BankThink

CRA reform plan is suddenly outdated

Bank regulators were in the process of reshaping a 43-year-old community lending law when the coronavirus pandemic hit, prompting calls from bankers and community advocates alike to suspend rulemaking and revealing how inflexible the proposal could be amid a crisis.

Even absent current economic shock waves, support for the proposed changes to the Community Reinvestment Act has been tepid at best, with banks citing regulatory burden and advocates predicting diminished banking services to communities in need.

Beyond those objections, the proposal runs counter to its own public-policy goal that CRA modernization should reposition bank investments from areas that are “hot spots” for community development and redirect it to areas that need it most, known as banking “deserts.”

Instead, the proposal threatens to do the opposite by inflaming hot spots and neglecting deserts. The proposal augments banks’ existing facility-based assessment areas with a new category of deposit-based assessment areas. This steers banks with CRA responsibilities to highly populated, already well-served areas like New York City, Los Angeles, Chicago and Houston.

The proposed deposit-based assessments also will not result in additional banking services for CRA deserts, which bank regulators say includes rural areas, distressed communities and Indian country. These communities are highly unlikely to be sources of the deposits that qualify as an assessment area under the proposal. Meaning, they will remain deserts even in the wake of the pandemic.

The proposal’s requirement that banks serve deposit-based assessment areas is fixed and inflexible, at a time when the importance of flexibility in determining community needs and resources is at an absolute premium.

Beyond whatever else may be required to recover from the economic consequences of the pandemic, locking banks into an assessment model that prevents them from offering services where they are needed most will restrict their ability to help communities hit hardest by the crisis.

There is a better way.

Reinvestment redistribution, a concept proposed by consumer bankers, would deem internet deposits as sourced from a broad U.S. “cyber-community,” rather than from any particular geography. This would permit CRA obligations that are based on internet deposits to be fulfilled with activities benefiting low- and moderate-income people and communities anywhere. It particularly helps banking deserts by providing a weighted incentive for engaging in activities there.

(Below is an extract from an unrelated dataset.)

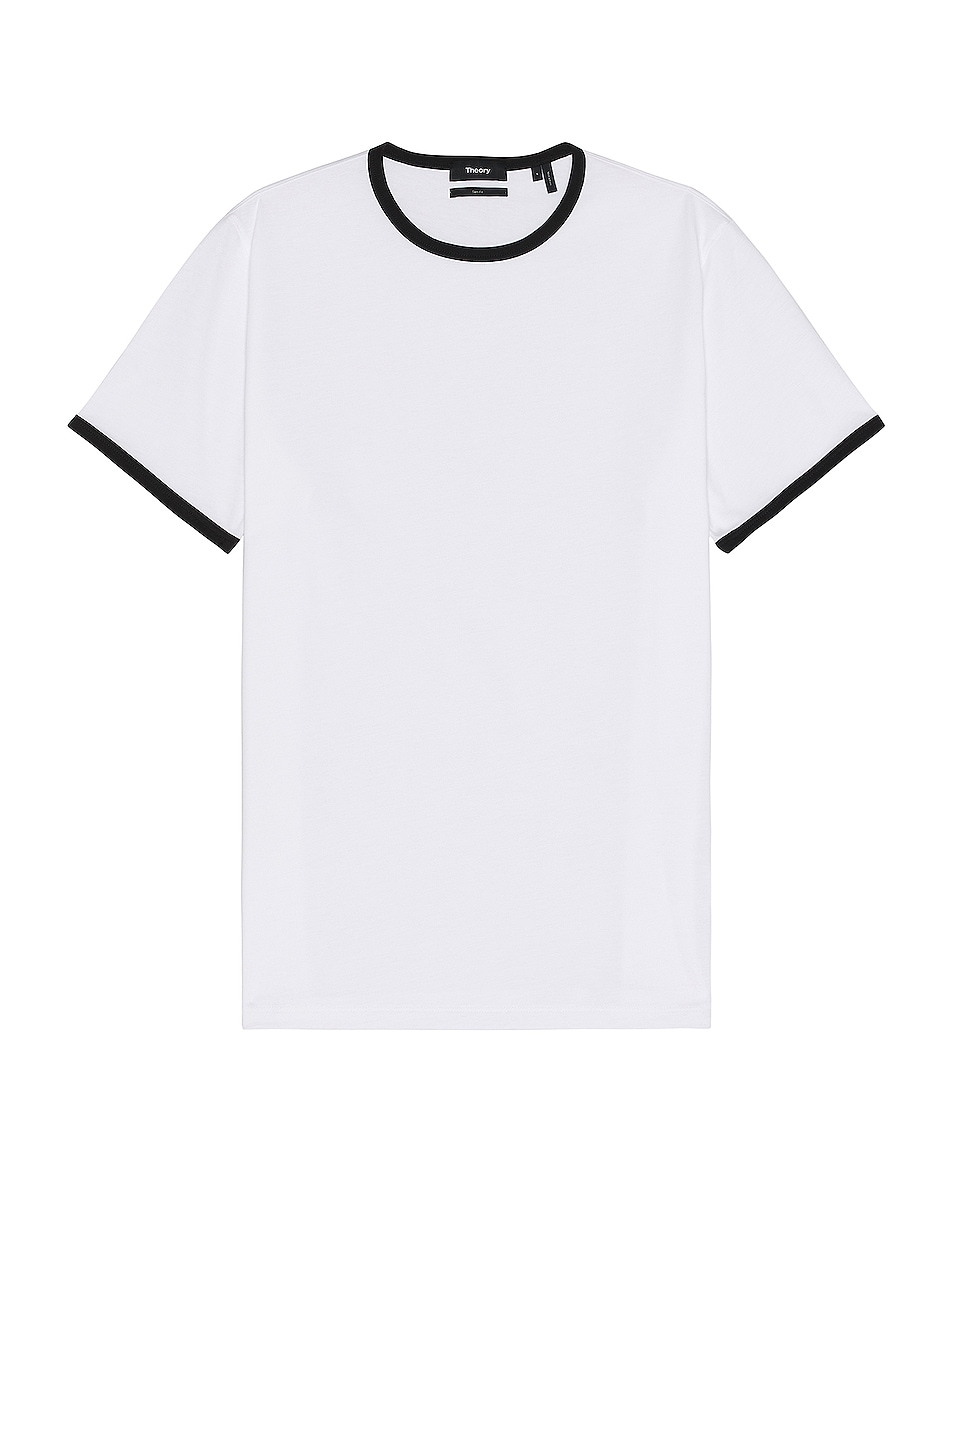 Image 1 of Theory Cilian T-shirt in White & Black
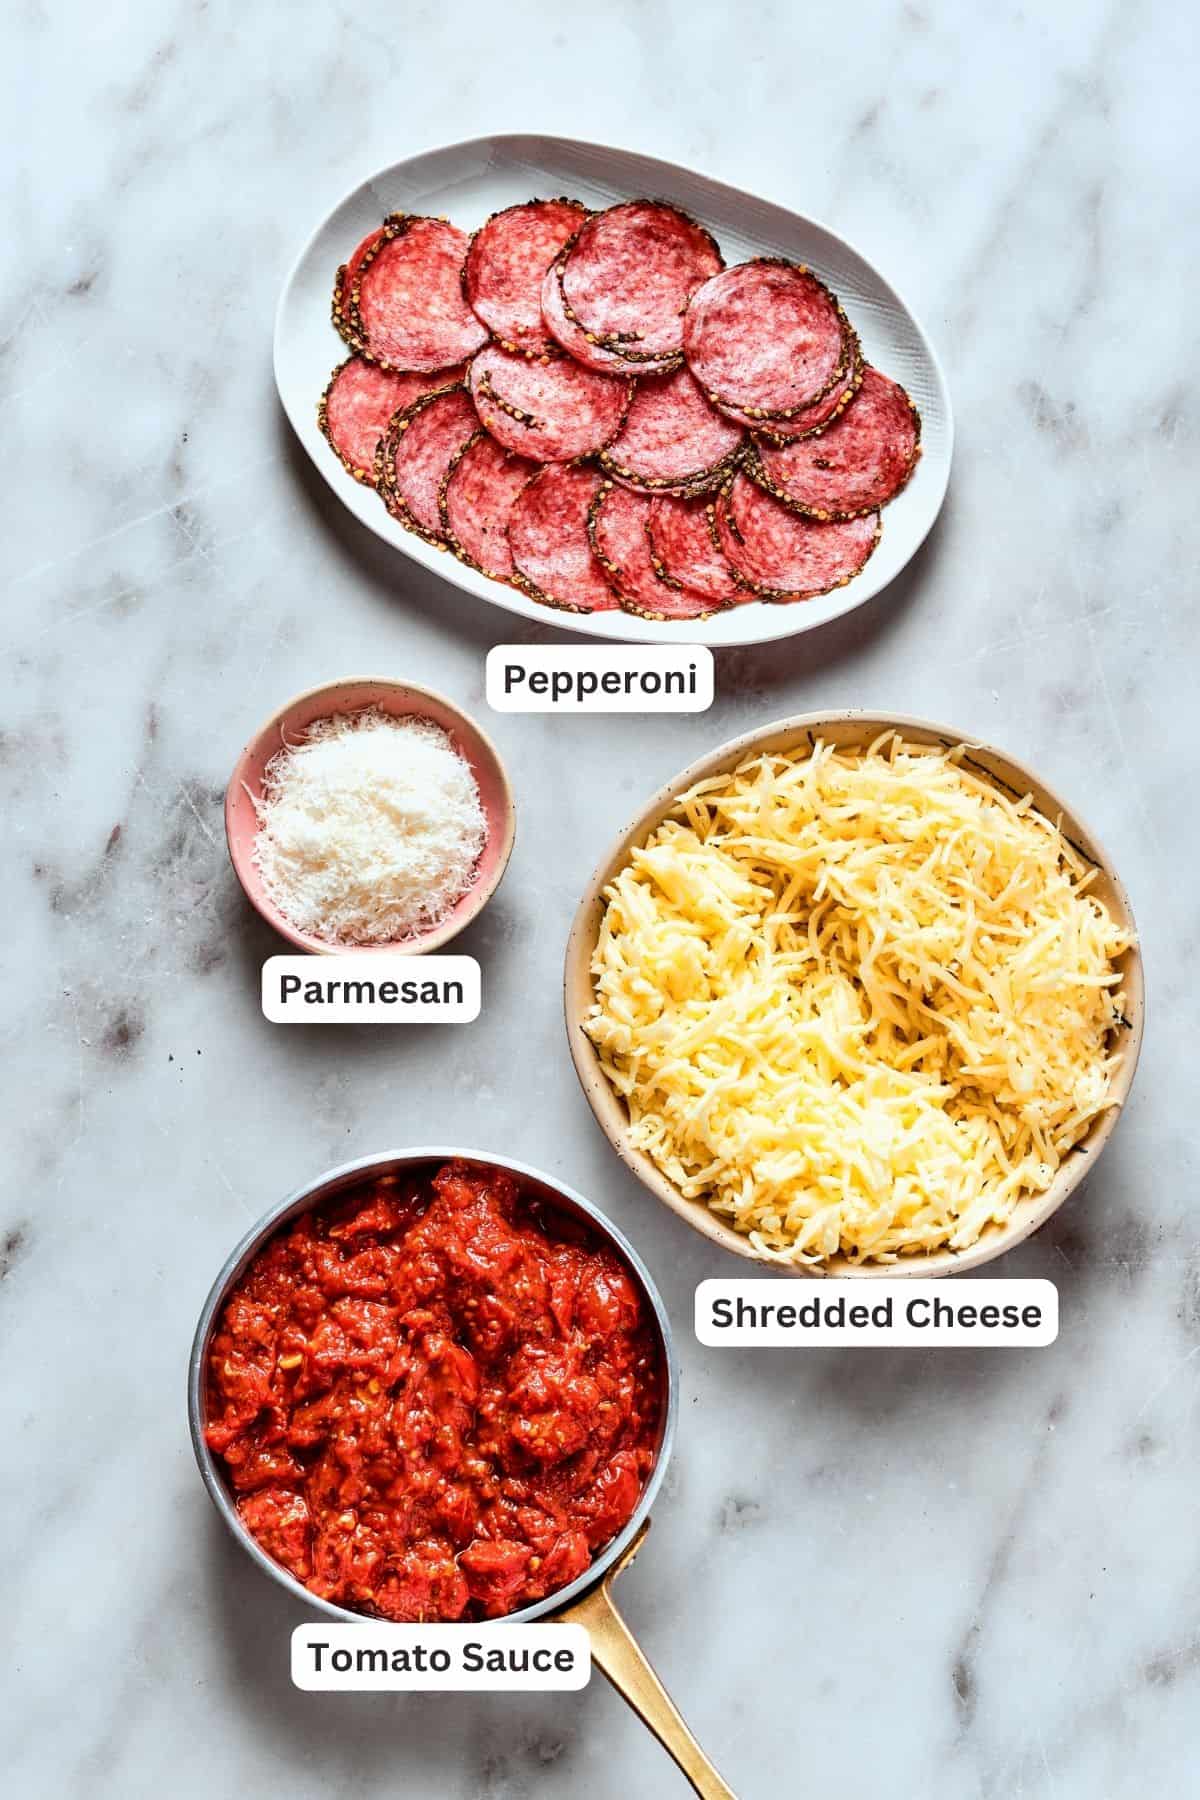 Deep dish pizza toppings: cheese, parmesan, tomato sauce, pepperoni.

Reinvestment redistribution accomplishes this goal by maintaining only the current facility-based assessment areas and applying two metrics in each assessment area, and to the bank overall. The first metric, applicable to all retail banks, would measure CRA loans on a unit basis and compare a bank’s performance to threshold levels of market lending activity or loan demand. This would be based on data provided by the regulators.

The second metric — applicable to large, wholesale and limited-purpose banks — would measure the dollar volume of community development activity and compare that sum, as a percentage of noncorporate, nonbrokered domestic retail deposits, against market activity.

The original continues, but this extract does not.